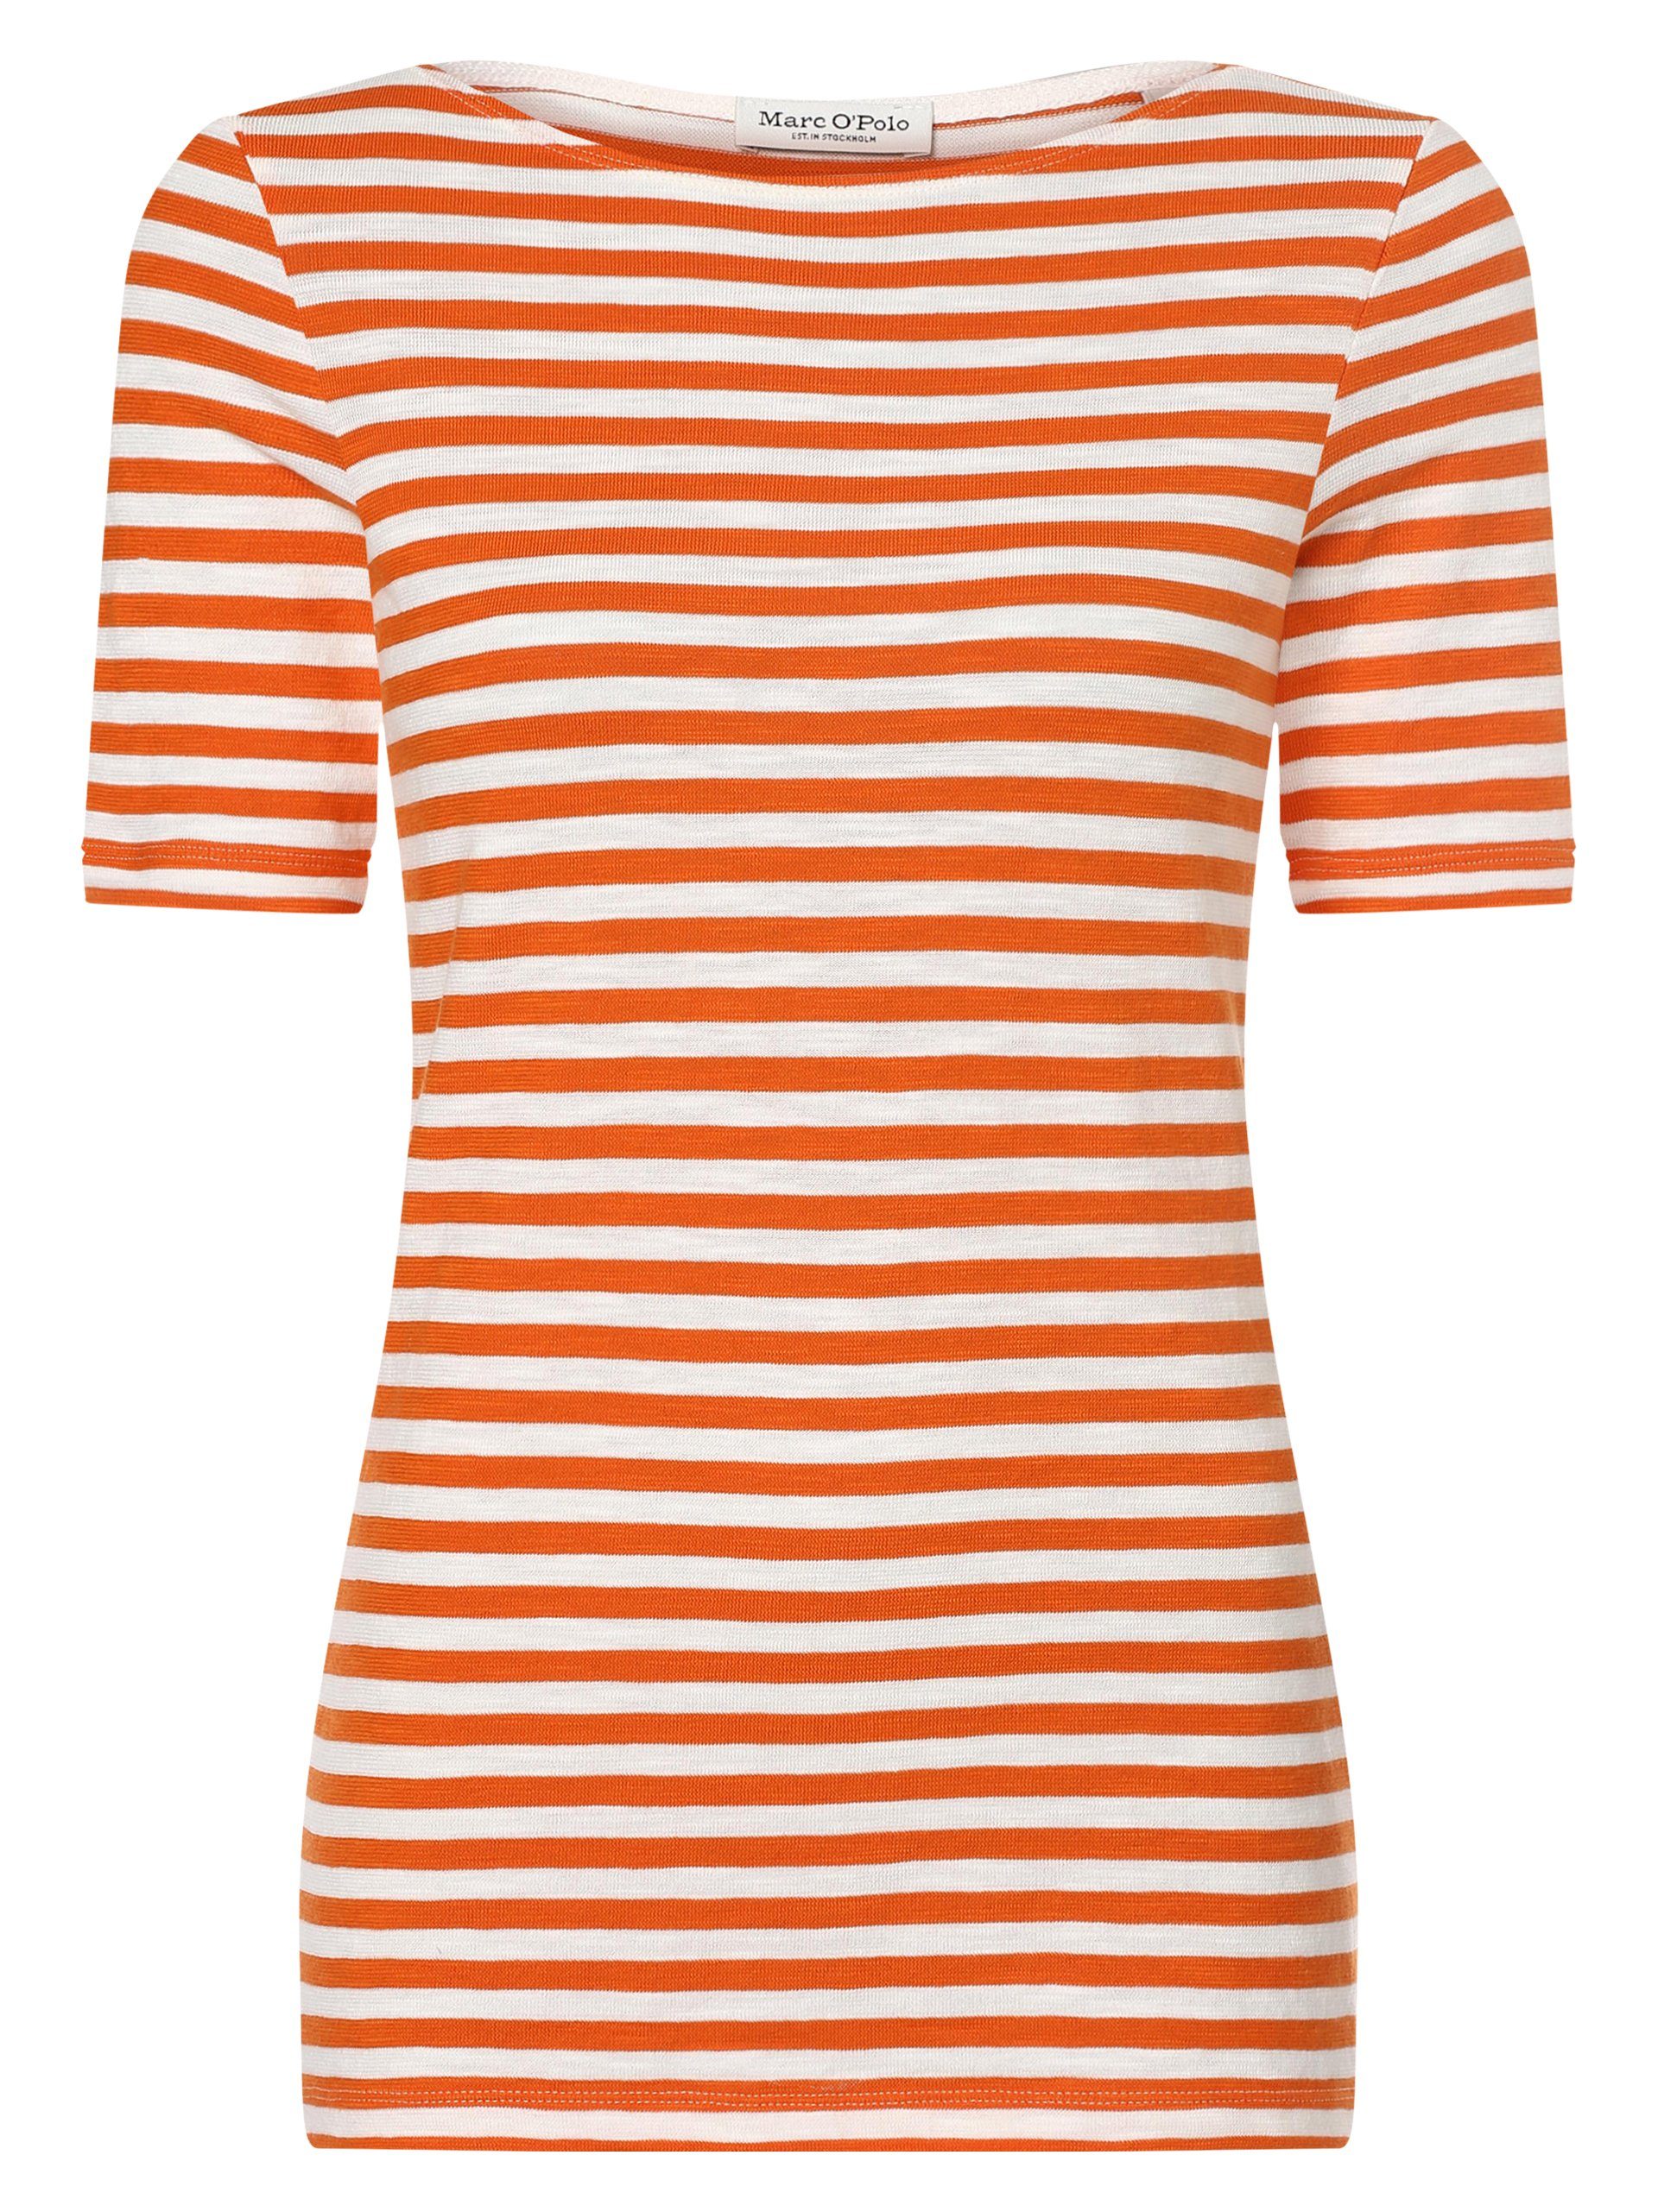 weiß O'Polo Marc T-Shirt orange
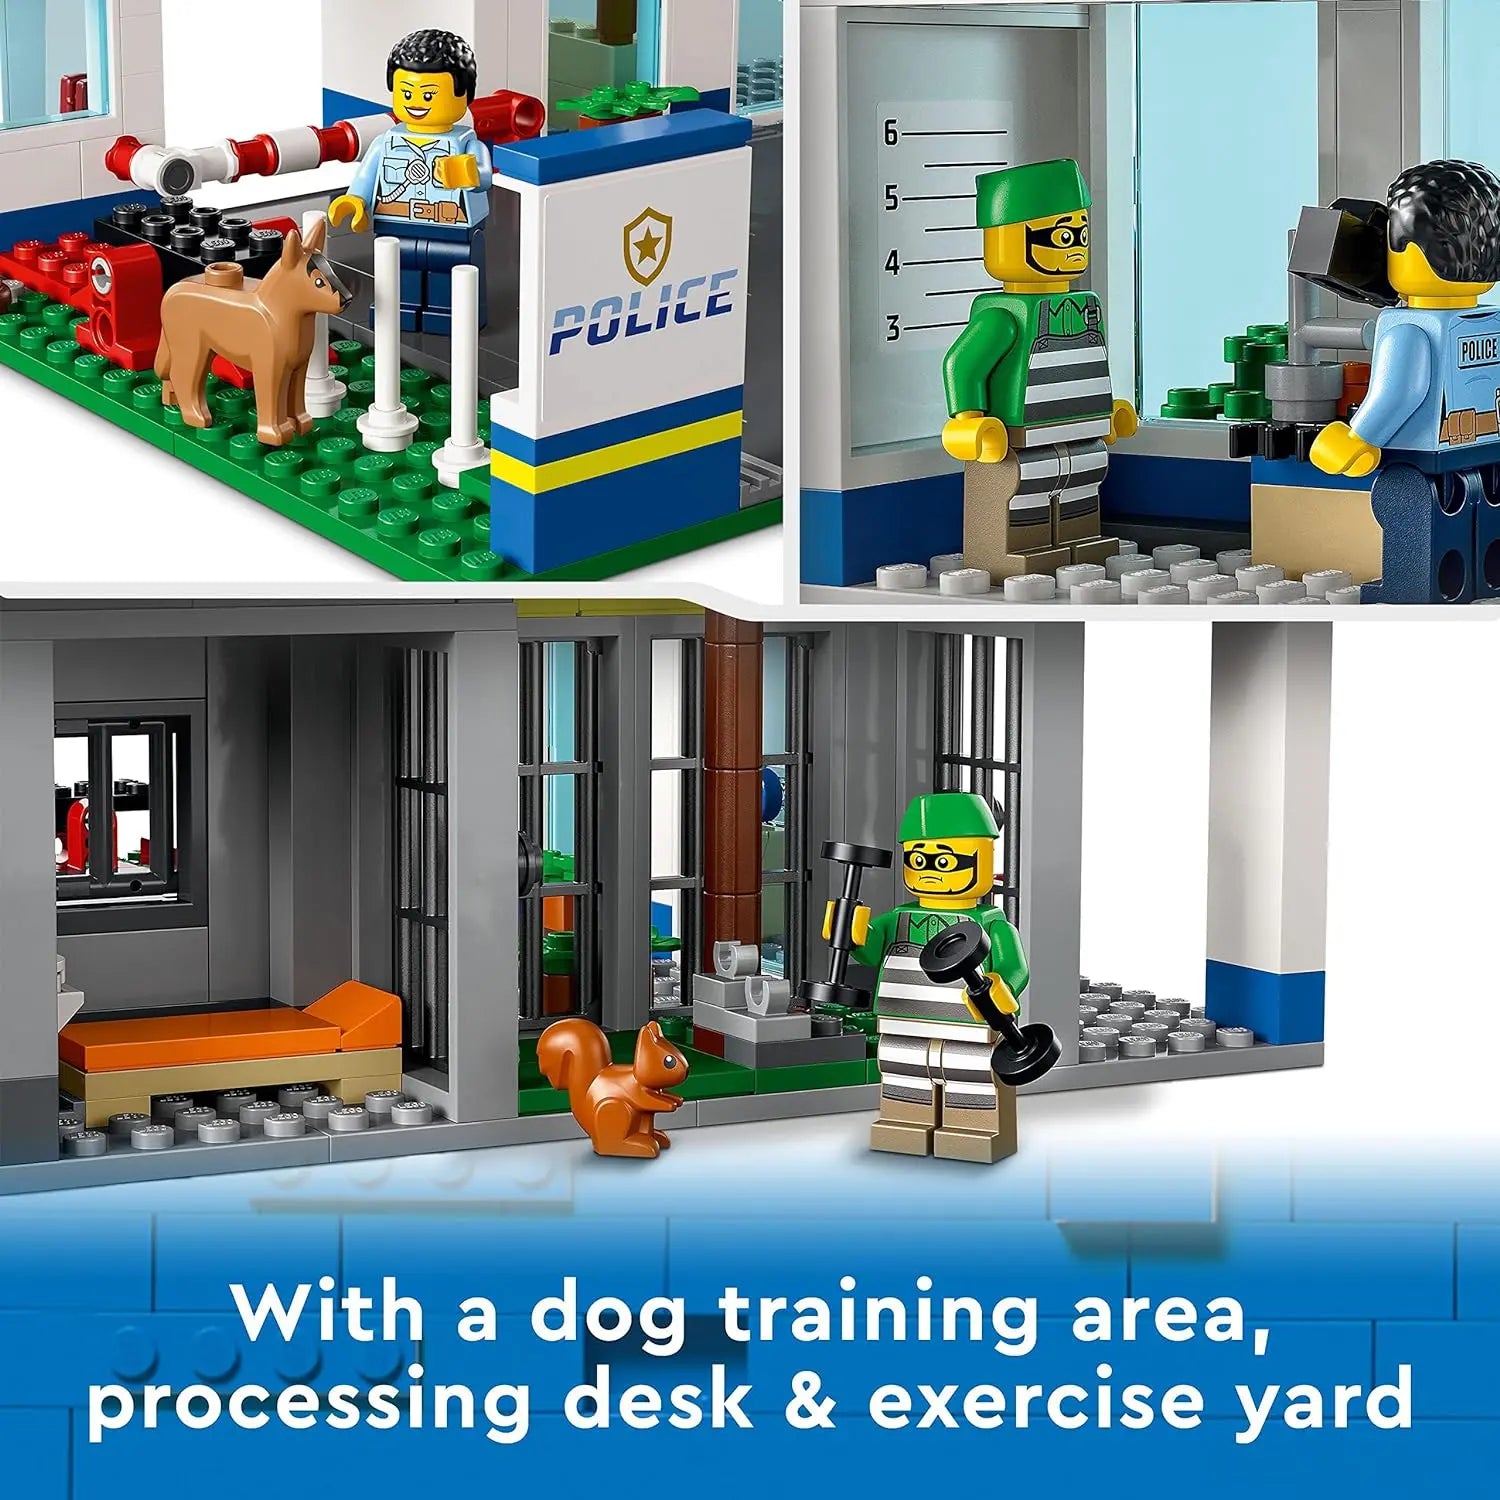 lego 60316 LEGO City Le commissariat de Police lego
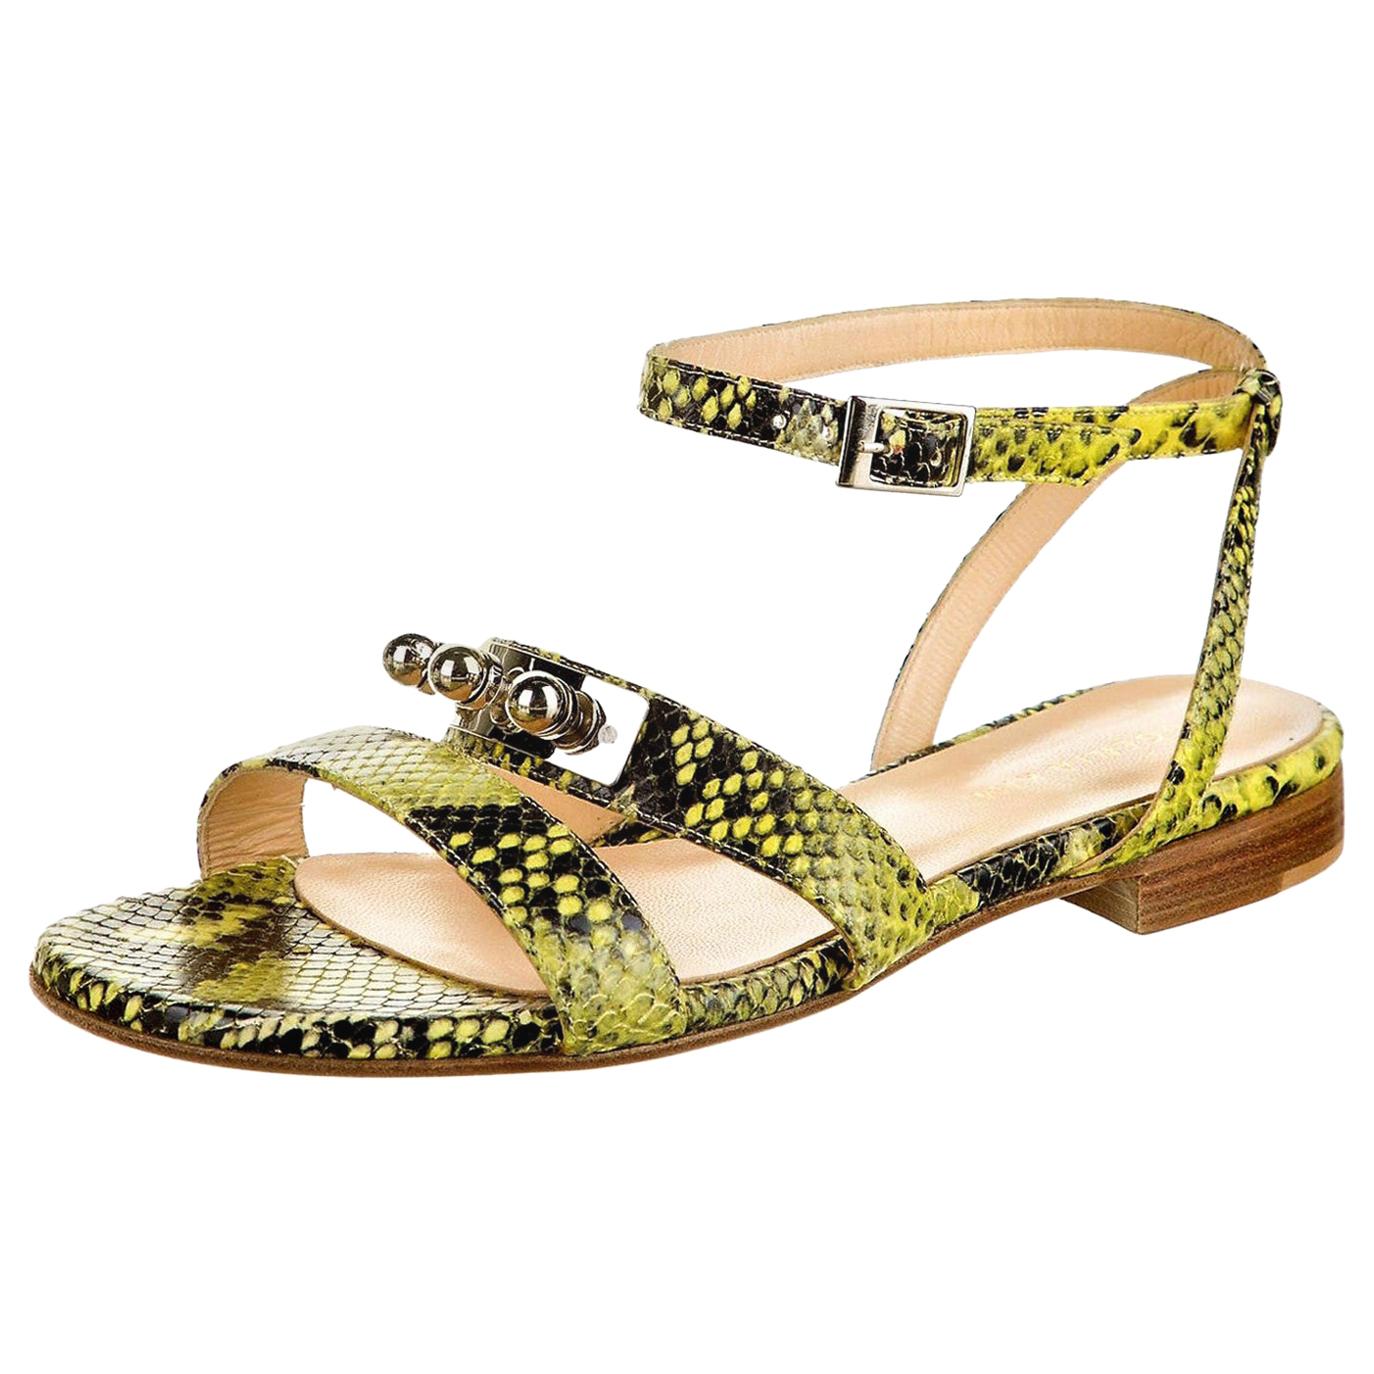 New Eugenia Kim Yellow Python Sandals Flats Shoes Sz 39  U.S. 8.5

---

### Your instructions:
Once the pictures are set aside, give the rest of the material again unchanged.

### Response for this exercise:
 weiß O'Polo Marc T-Shirt orange
 lego 60316 LEGO City Le commissariat de Police lego
 New Eugenia Kim Yellow Python Sandals Flats Shoes Sz 39  U.S. 8.5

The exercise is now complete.